Hypothesis: Muscle confusion is the way to peak fitness
P90X TONY-ISMS
Do your best and forget the rest.1. Don’t say “I can’t.” Say “I presently struggle with.”
2. Oh, dude, this is going to hurt so much, in such a beautiful way.
3. The magic, the money, comes in the last three reps.
4. Keep your bucket nearby, my friends, because this routine is X City.
5. Happiness is this right here.
Time Commitment: 90 days
Researcher: Ryan Krogh
Kelly Slater brings it. So does Barry Zito. Even the Old Spice man dished on Jay Leno about it. The only thing more ubiquitous than the hype surrounding P90X fitness is its snappy catchphrase: Bring It!
The philosophy behind P90X, a home exercise system designed, in part, by celebrity fitness guru Tony Horton, is muscle confusion—subjecting the body to a variety of exercises designed to prevent it from adapting to a set routine. Give your muscles new challenges and you won't plateau. P90X has 12 DVDs' worth of variety—each day is a new routine roughly an hour long, and the weekly lineup changes every four weeks. When my $120 P90X package arrived in the mail, I felt like I'd been given the training manual for a living-room boot camp.

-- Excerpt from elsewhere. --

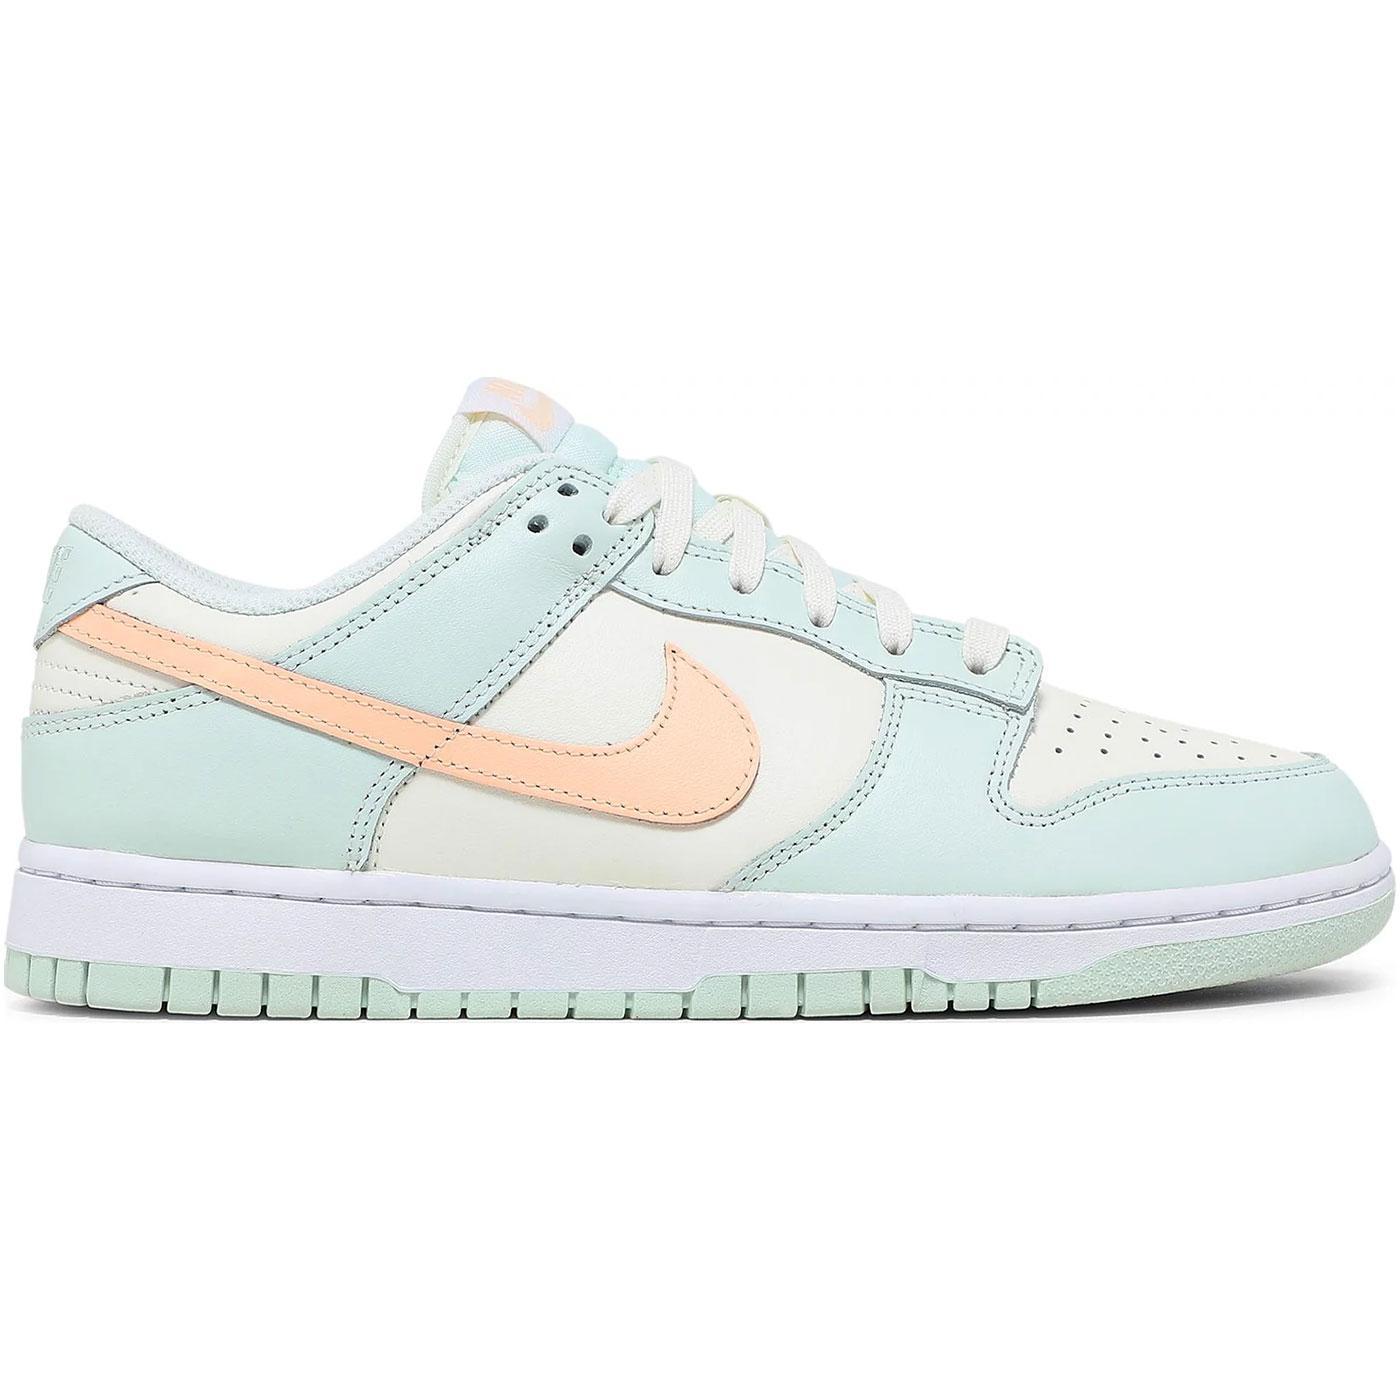 Wmns Dunk Low 'Barely Green' DD1503 104 | Nike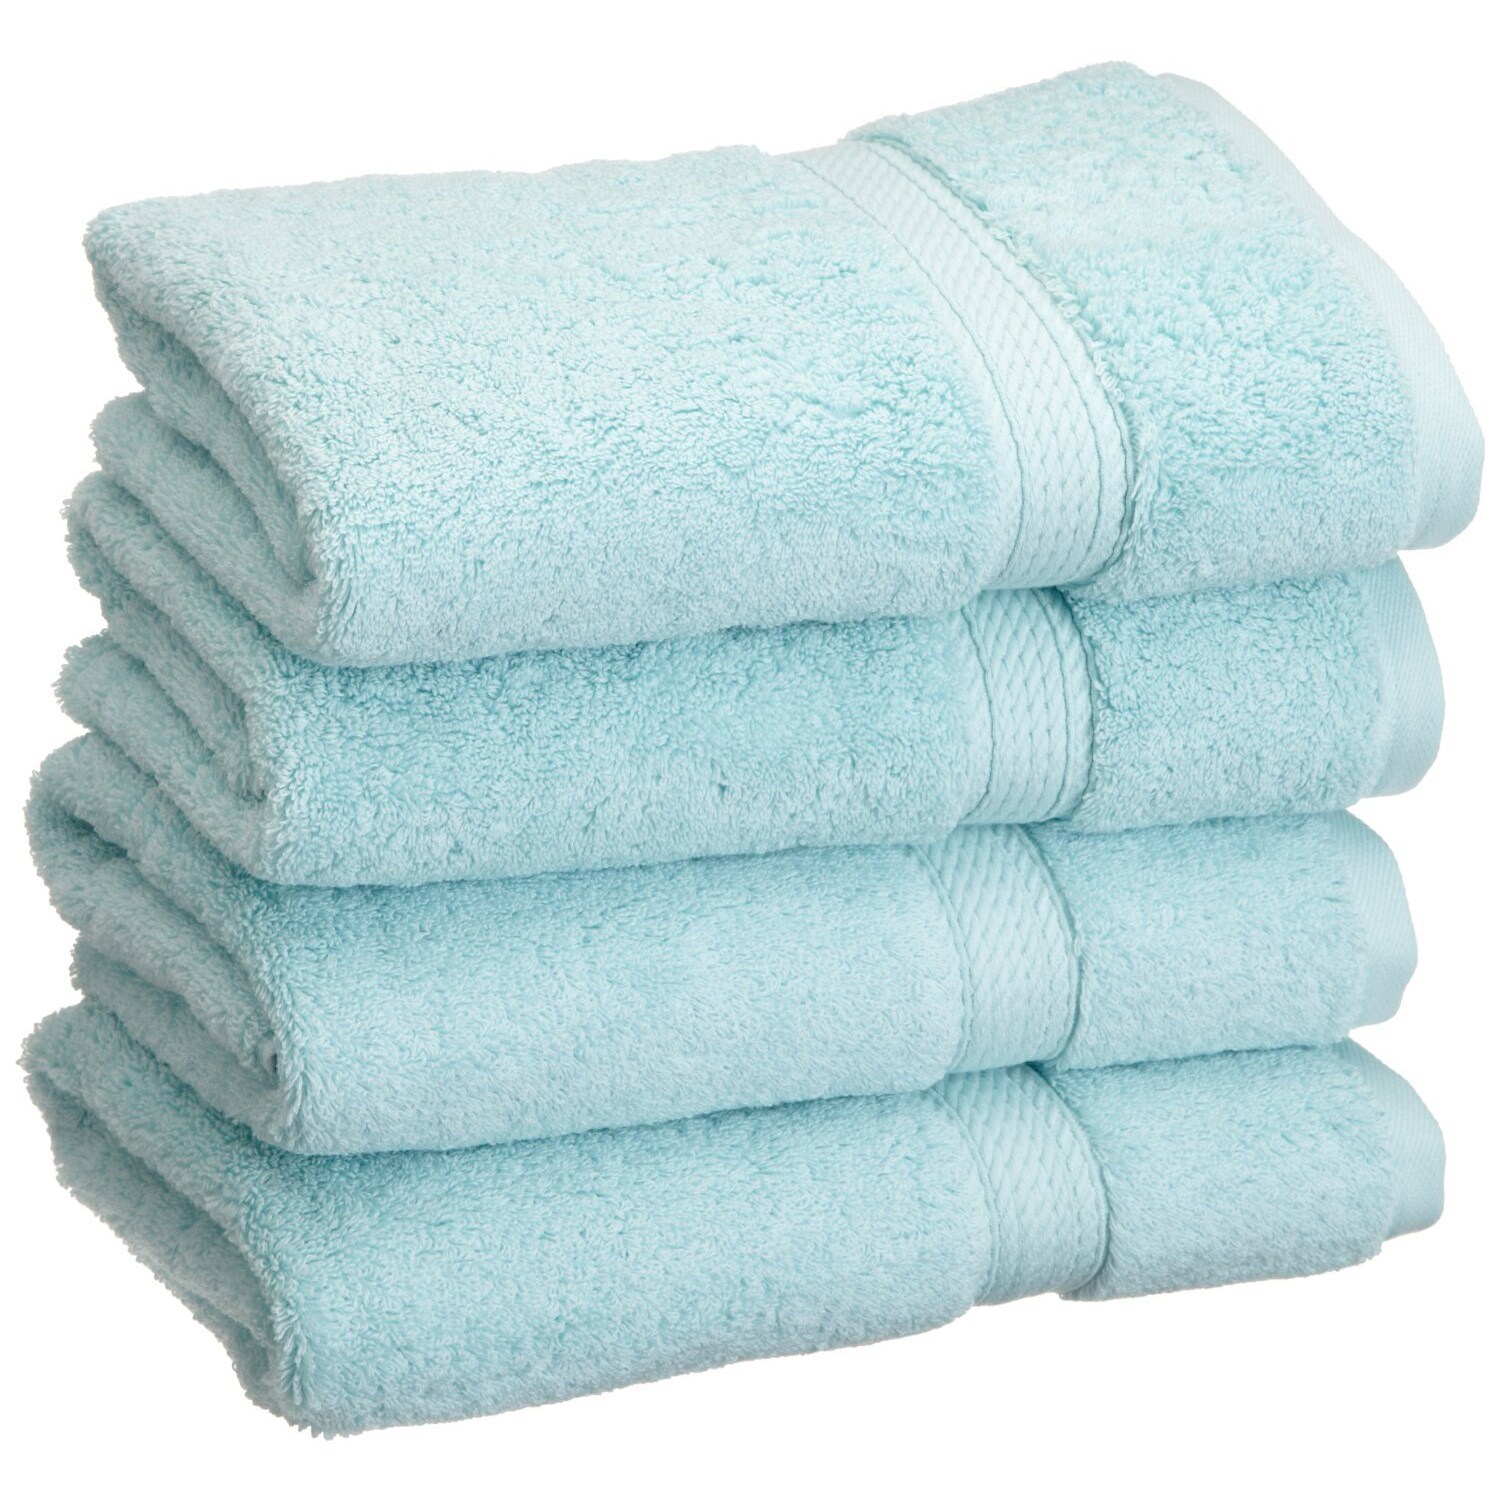 https://ak1.ostkcdn.com/images/products/5841944/Superior-Luxurious-and-Absorbent-900-GSM-Combed-Cotton-Hand-Towel-Set-of-4-84e01b18-9559-4962-8d7a-dc004b35f963.jpg

I didn't exactly Bring It my first week. For starters, I watched the Chest and Back DVD while hunched over a bowl of Froot Loops. But by the end of week one, I was sweating like hell on my living-room floor. The workouts involve, among other basics, heavy doses of push-ups, pull-ups, squats, yoga poses, and core strength moves. It wasn't until week three that I finally managed to match the pace and volume of Horton and his fitness models.
So was it working? “'Muscle confusion' is obviously a marketing term,” says Richard Cotton, national director of certification for the American College of Sports Medicine. “What it really is is exercise variety, and variety certainly makes a difference.” But anyone can add diversity to his training; what P90X provides is structure—and reliable companionship. Despite his penchant for fitness televangelism, Horton grows on you. He's a good, high-energy, digital workout partner. Hit play and he's coming at you with “How many you doing?” and “It's going to burn. It's supposed to!”
I'm in my sixth week—almost halfway through—and I've dropped nearly ten pounds. Somehow I've managed to stick with the program's draconian three-phase nutritional guide, too—heavy doses of fish and vegetables and minimal fats. With the arrival of ski season and a noticeable improvement in both my flexibility and my core strength, I'm determined to keep Bringing It.